The distilled water jug should be kept below the top of the batteries being filled. Firmly squeezing the bulb moves the water into the cells that are low while the cell caps prevent cells that are full, from accepting any additional water. When the bulb becomes firm, all cells are full and it can be disconnected, both ends covered with their dust caps and any excess water in the squeeze bulb tubing can be pumped back into the water jug. Remove the line from the jug, coil up the squeeze bulb and store for the next use. The system is simple to use, however it should be always removed after filling.
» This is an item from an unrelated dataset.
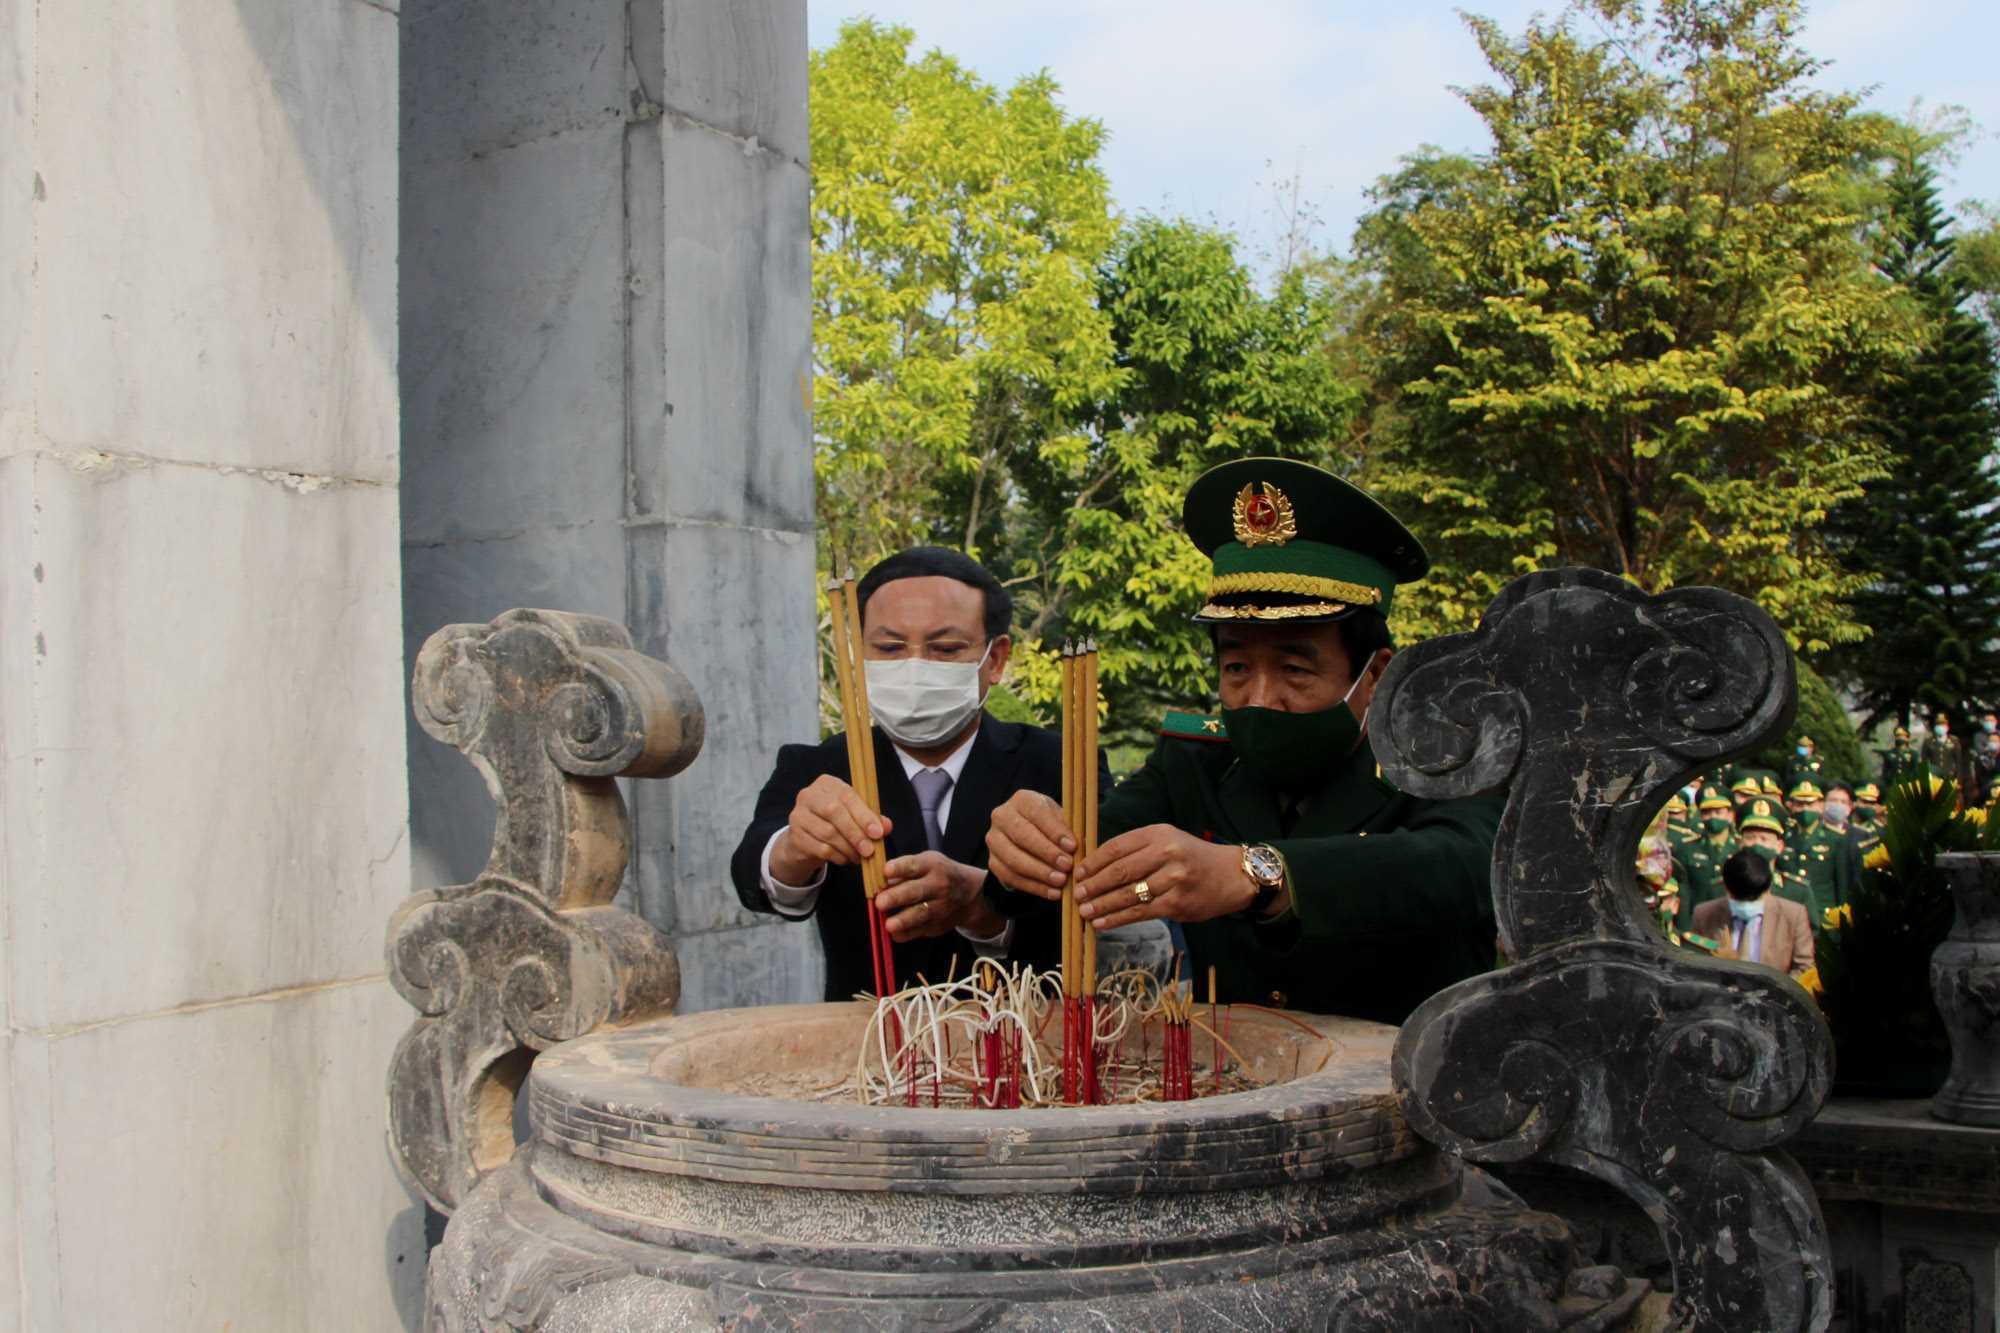 Dâng hương tưởng niệm các Anh hùng liệt sĩ bảo vệ biên giới phía Bắc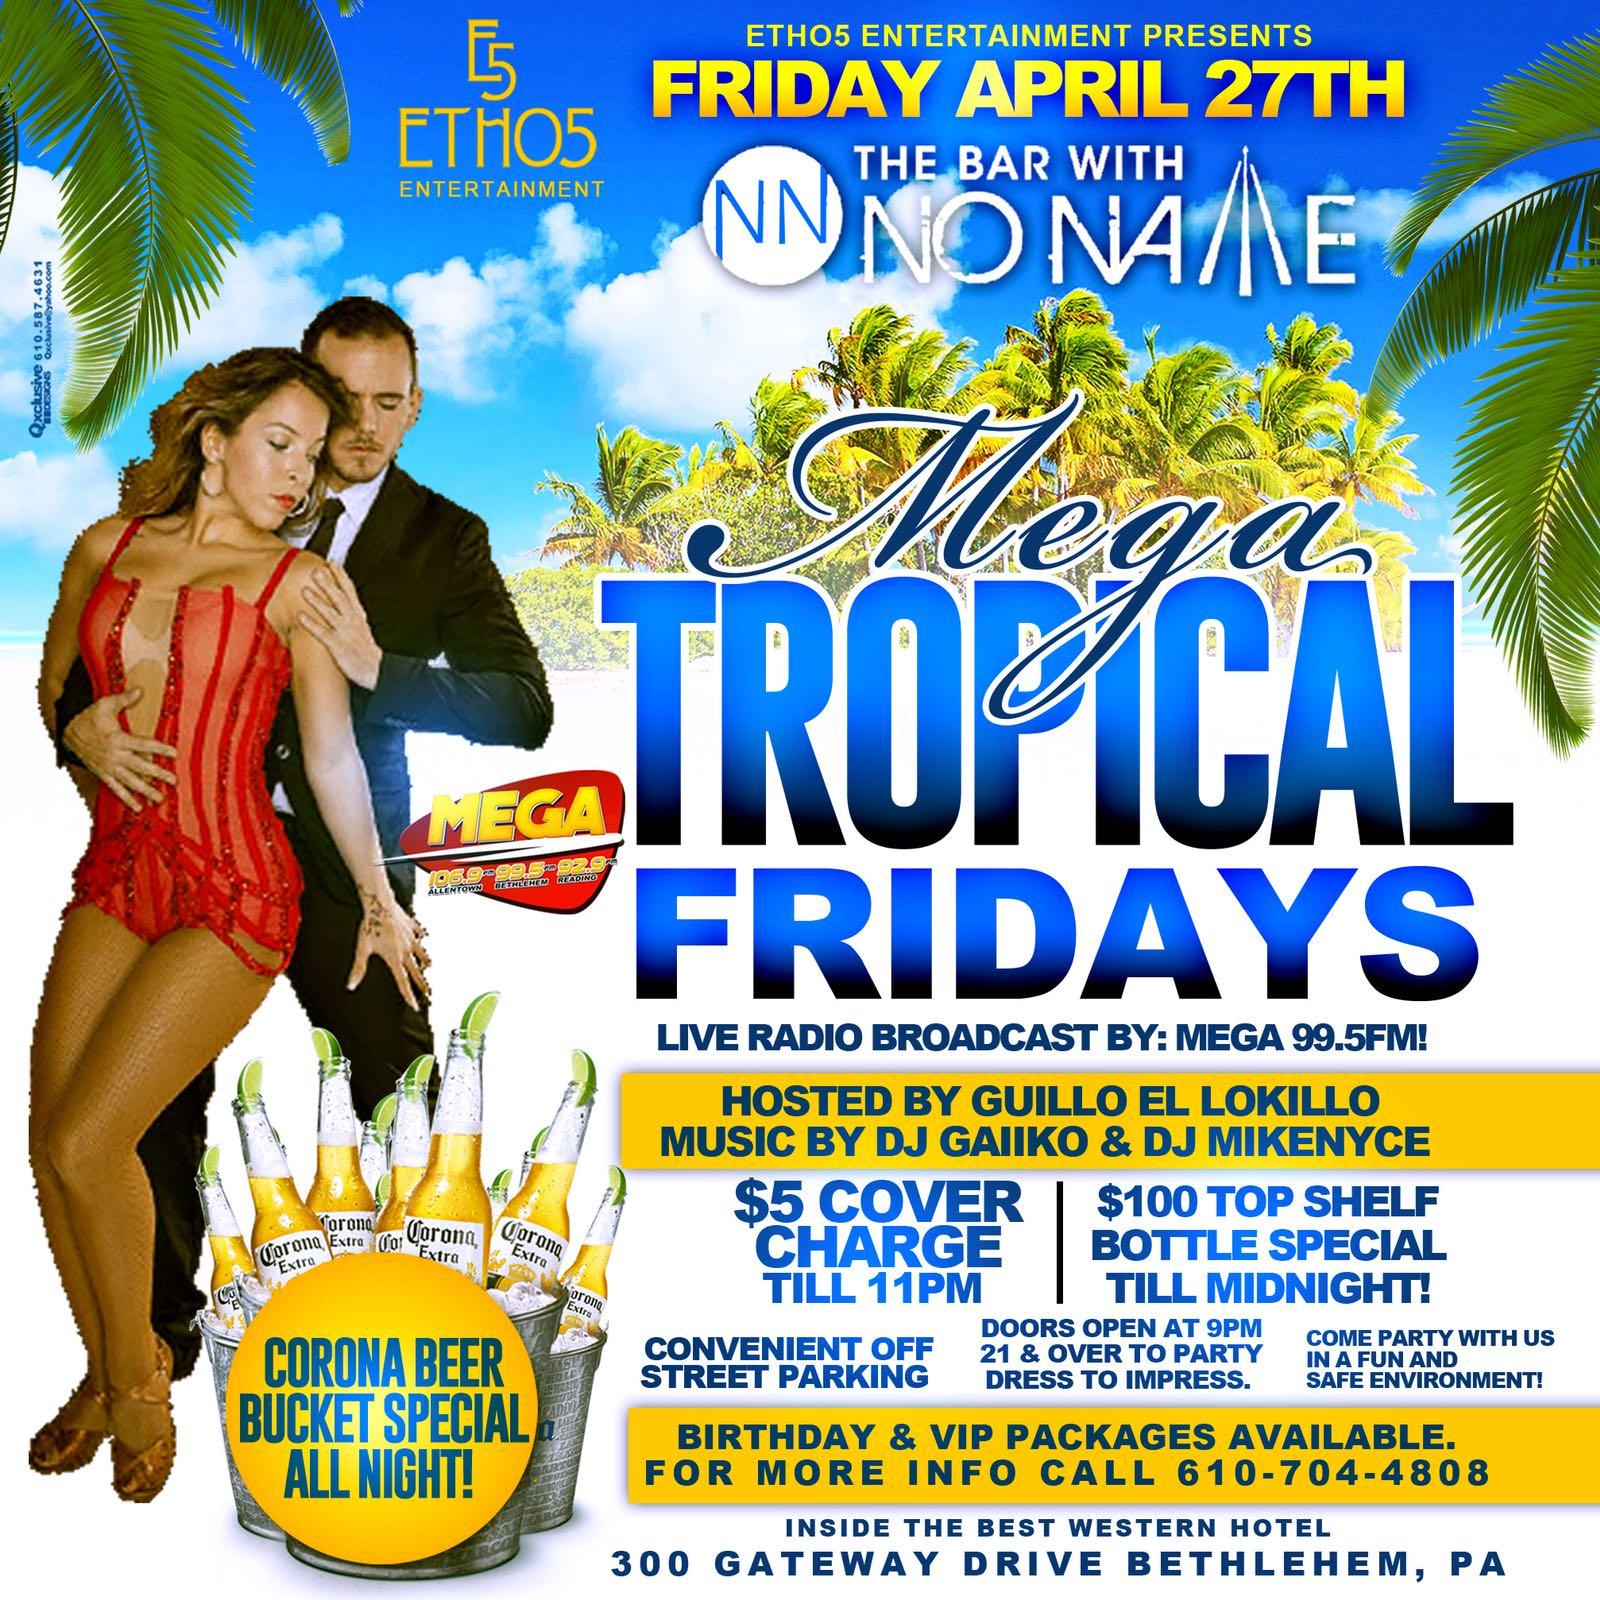 Mega Tropical Fridays at the Bar with No Name

The Pro-Fill™ RV system can be left on the batteries during winter storage however the system will not be operational when the temperatures are below freezing. While this system does not explicitly confirm the individual cell levels, it is designed to provide water to all cells and the cell caps will only accept water if that cell is low in water. Implicitly by regularly filling, the cells will be full. A separate electronic accessory is available should one want to monitor the level of each cell, although it may be a little ‘overkill’ in a RV application.
Using the Pro-Fill™ system eliminates the biggest hassle with Flooded Lead-Acid batteries. It allows a cost effective, dependable power source to be maintained and used for many years. It is important to select the correct system for the existing battery system and it should be transferred to any replacement batteries when the original batteries reach the end of their useful life. For older coaches that do not have the AGM1 or AGM2 charging profiles stored in their chargers, or coaches that are equipped with Flooded Batteries, this system allows the convenience of AGM batteries to be enjoyed with only a slight inconvenience to check and fill them. A very worthwhile addition to a proven technology.